# Available data
################
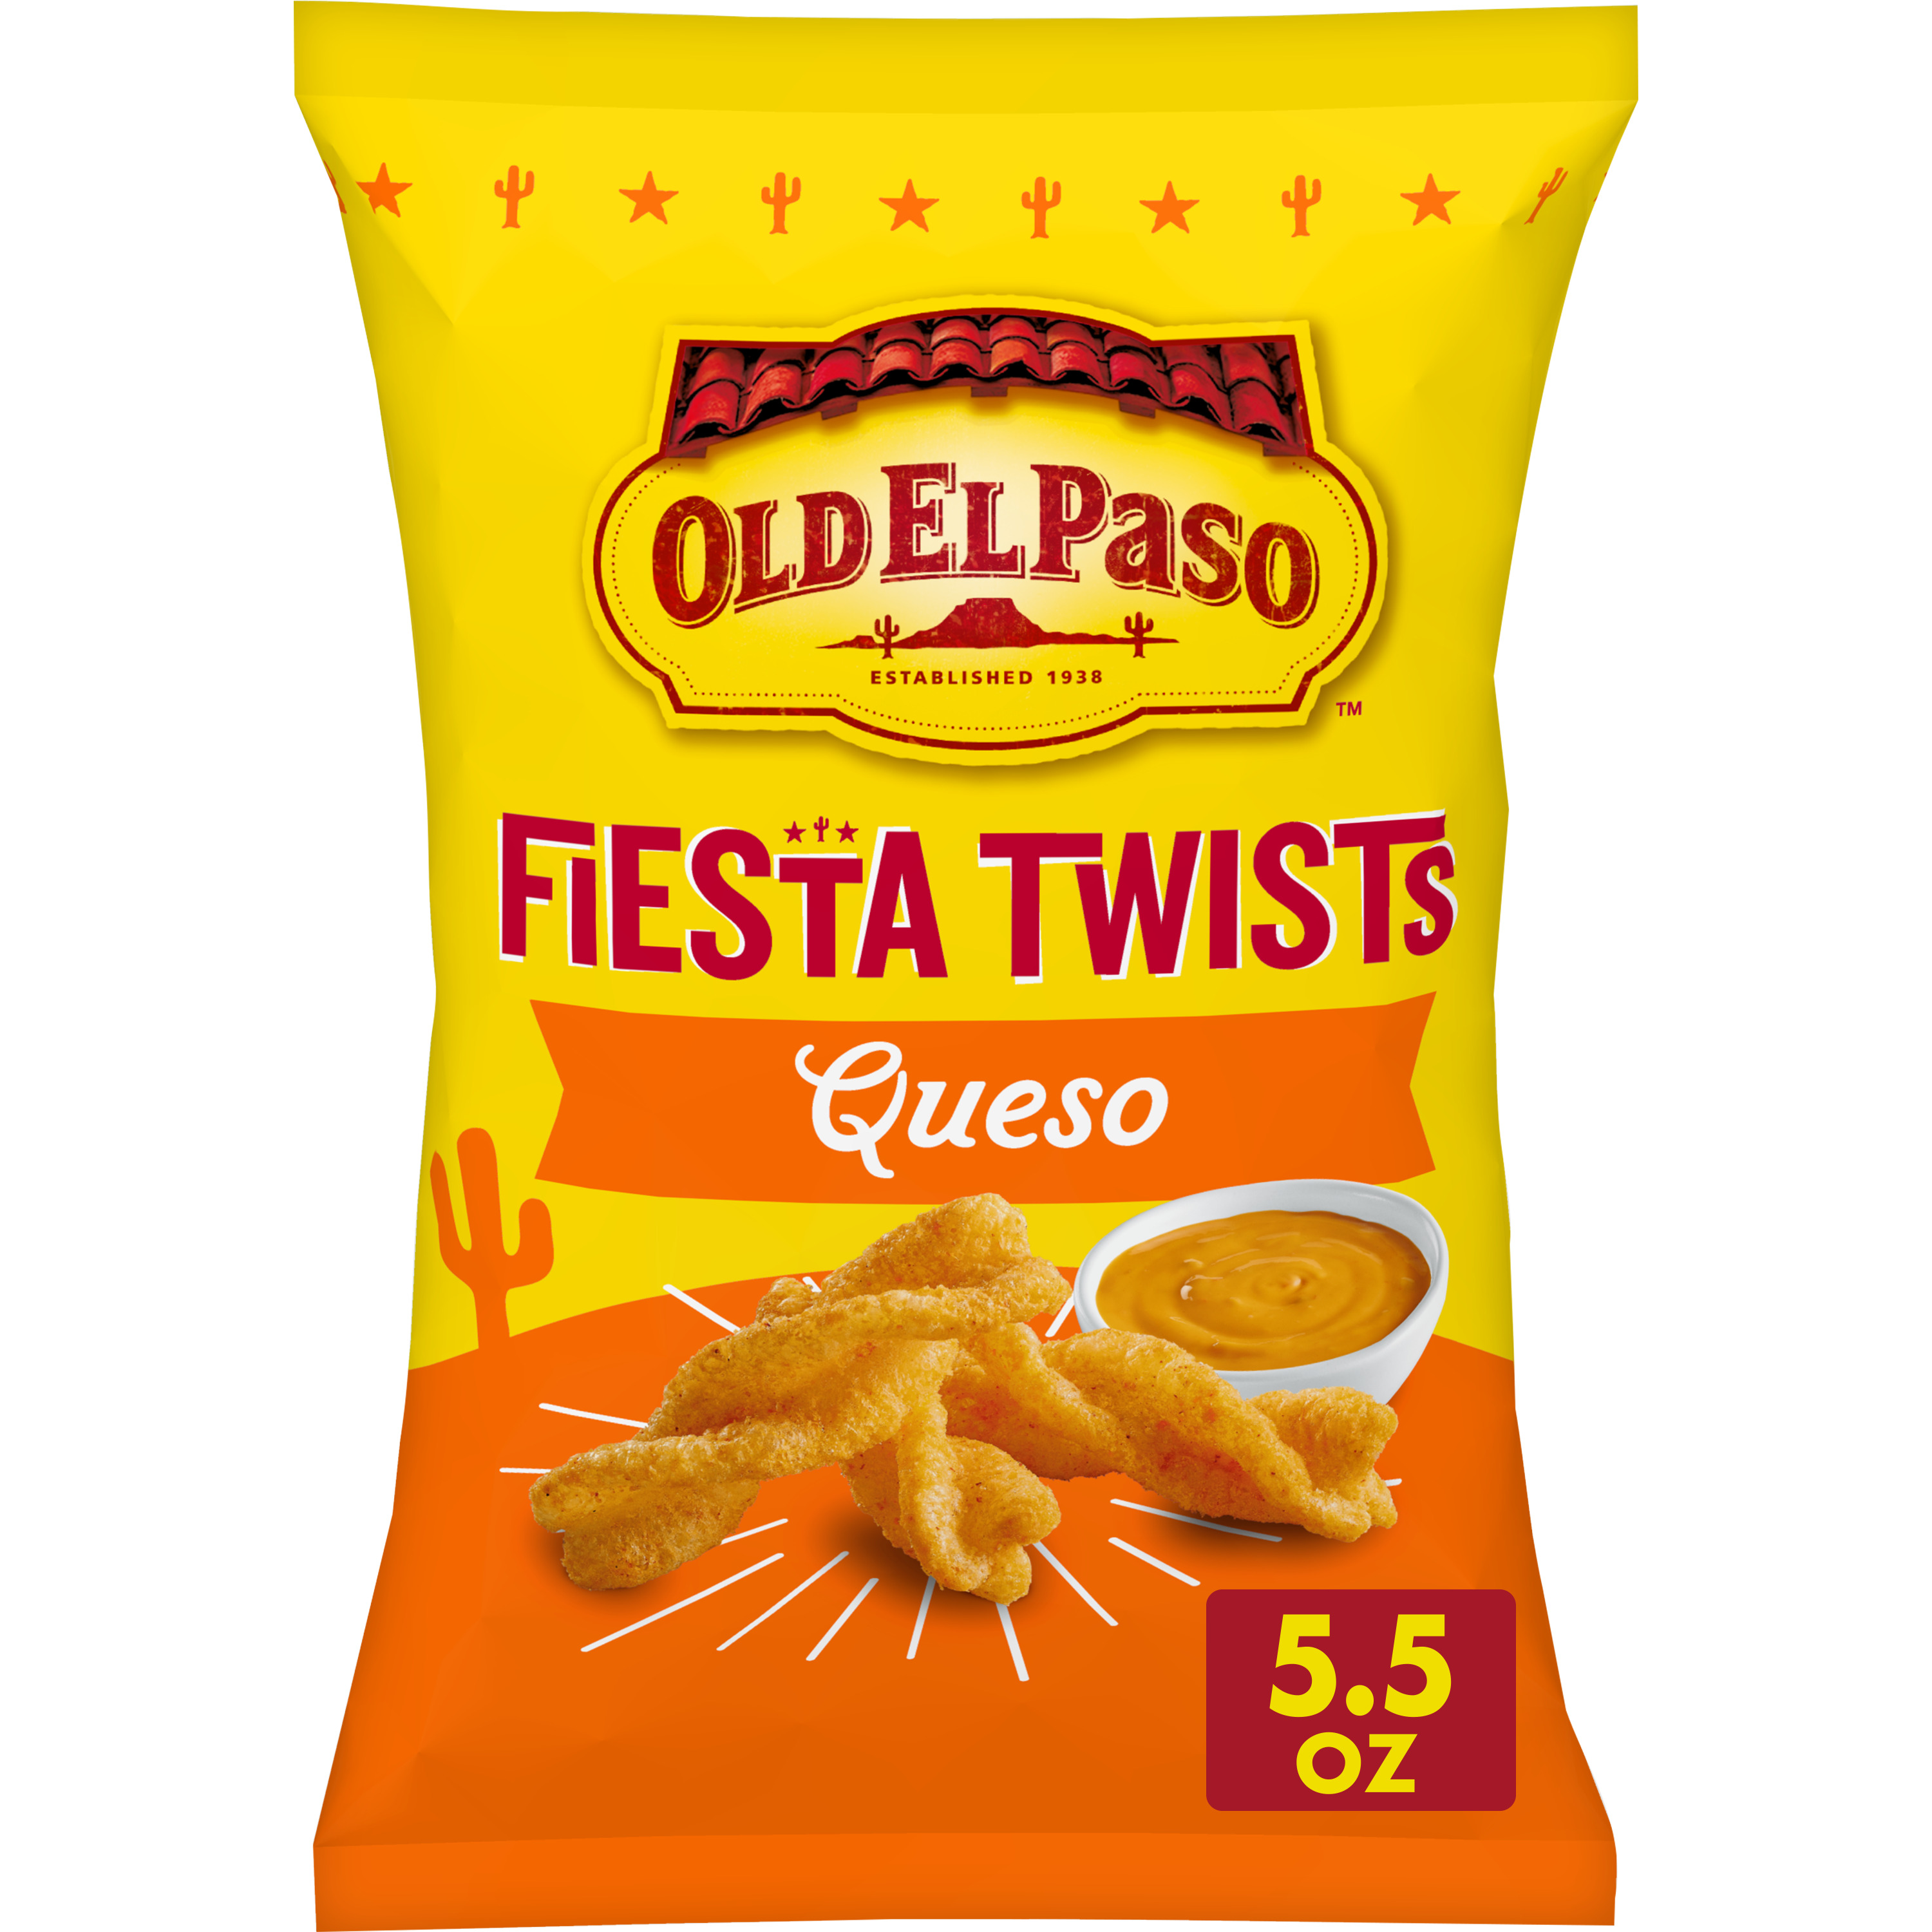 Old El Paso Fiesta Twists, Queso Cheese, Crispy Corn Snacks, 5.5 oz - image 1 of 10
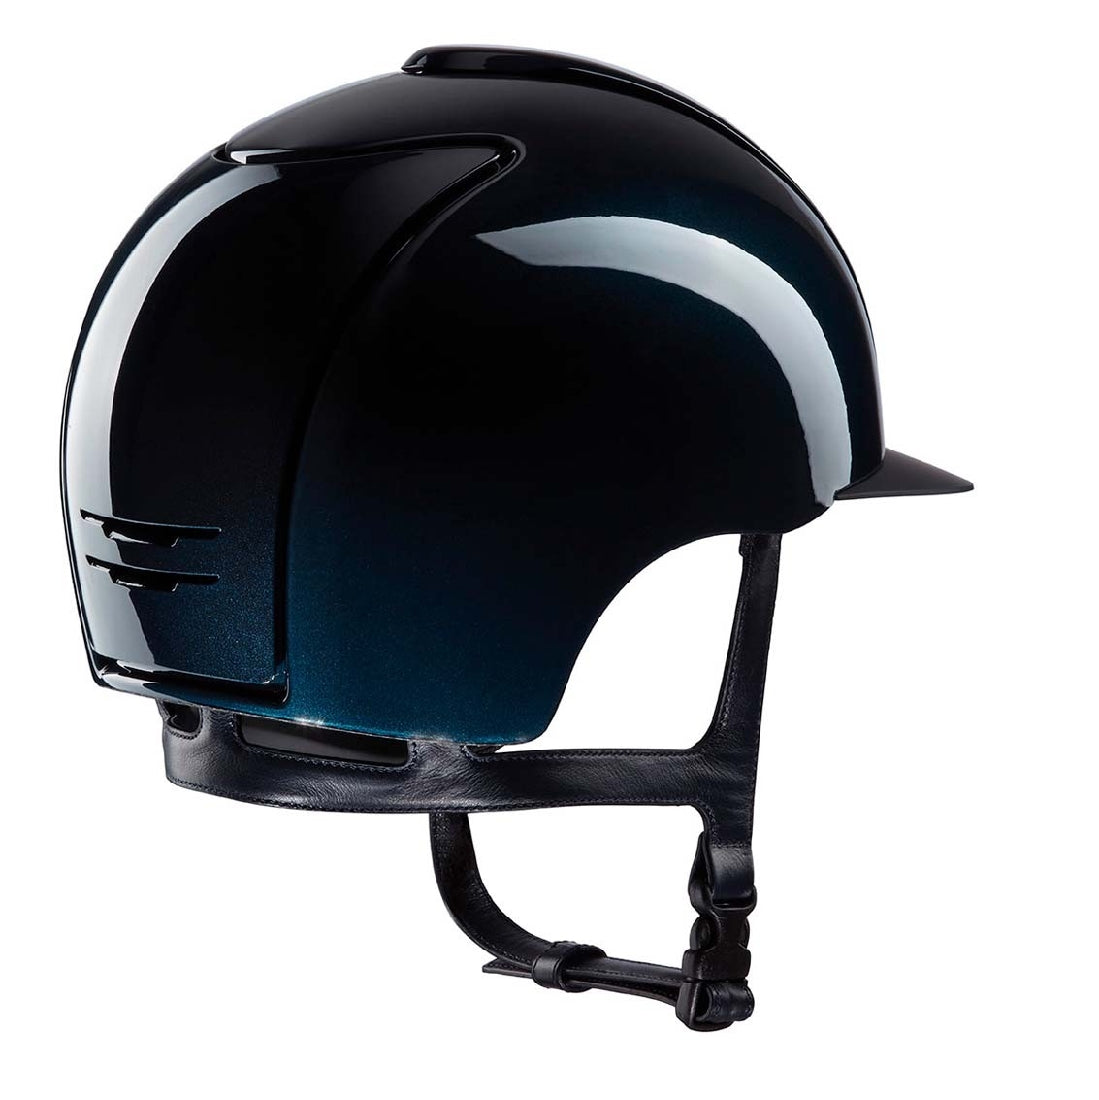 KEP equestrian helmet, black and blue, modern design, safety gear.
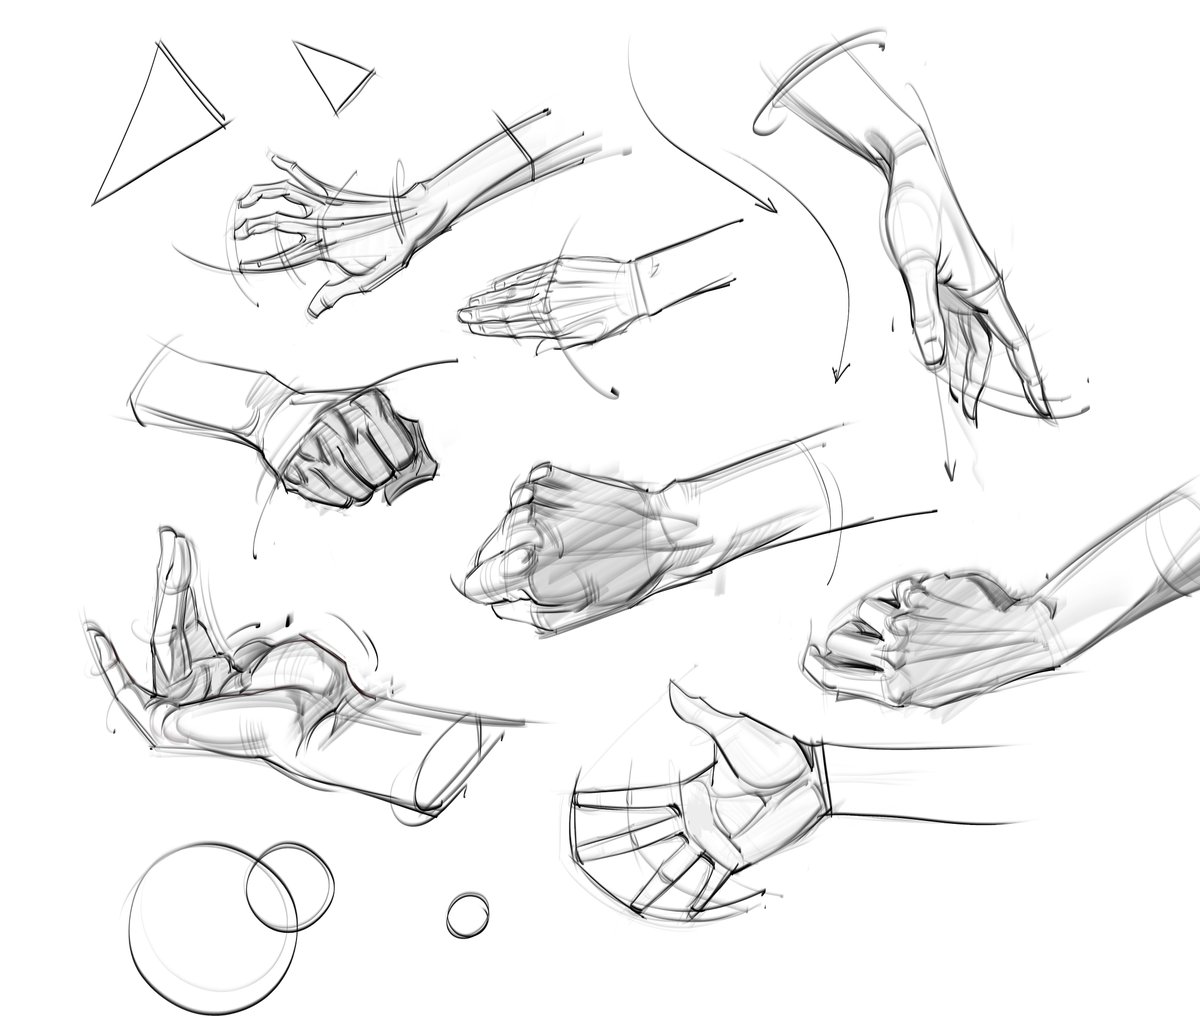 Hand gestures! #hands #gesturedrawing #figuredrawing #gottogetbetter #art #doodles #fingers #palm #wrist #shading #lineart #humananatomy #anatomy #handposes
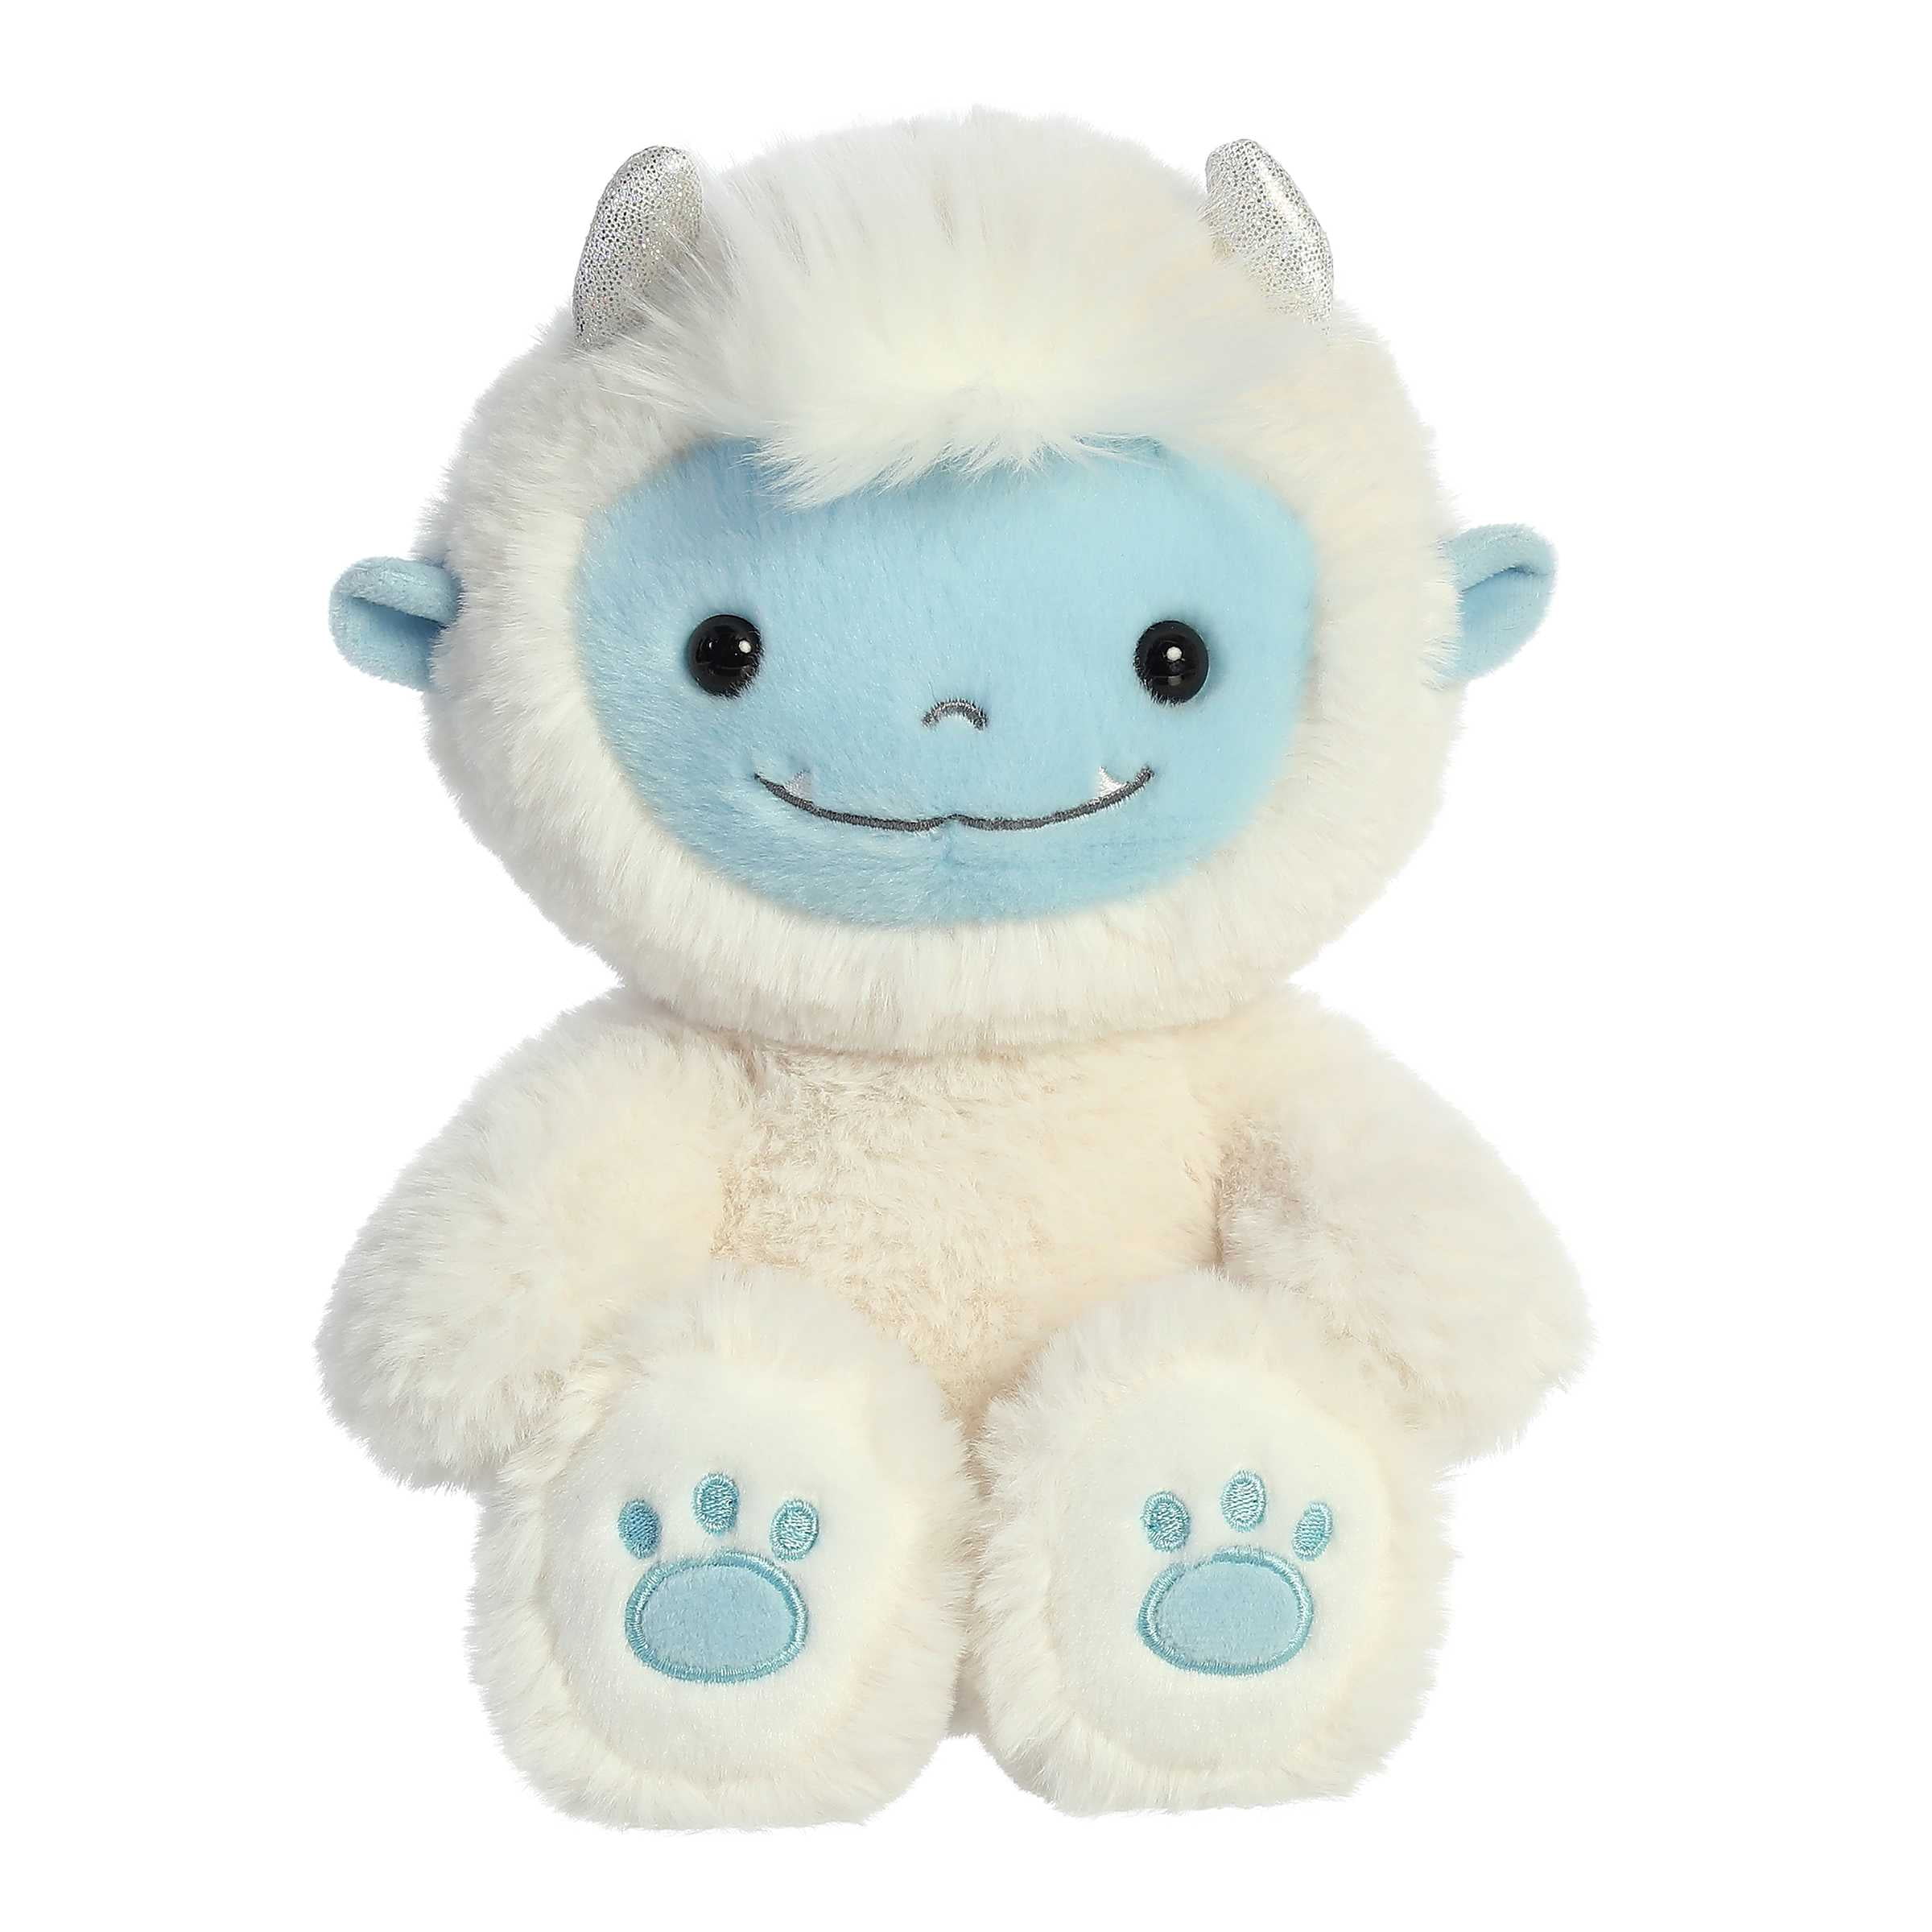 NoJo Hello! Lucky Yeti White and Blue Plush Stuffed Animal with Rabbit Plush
################
Only the lines from the one with "KEP equestrian helmet, black" through the end of the listing should be transcribed, exactly and without pictures.

# Answer below
 KEP equestrian helmet, black and blue, modern design, safety gear.
 Hand gestures! #hands #gesturedrawing #figuredrawing #gottogetbetter #art #doodles #fingers #palm #wrist #shading #lineart #humananatomy #anatomy #handposes
 NoJo Hello! Lucky Yeti White and Blue Plush Stuffed Animal with Rabbit Plush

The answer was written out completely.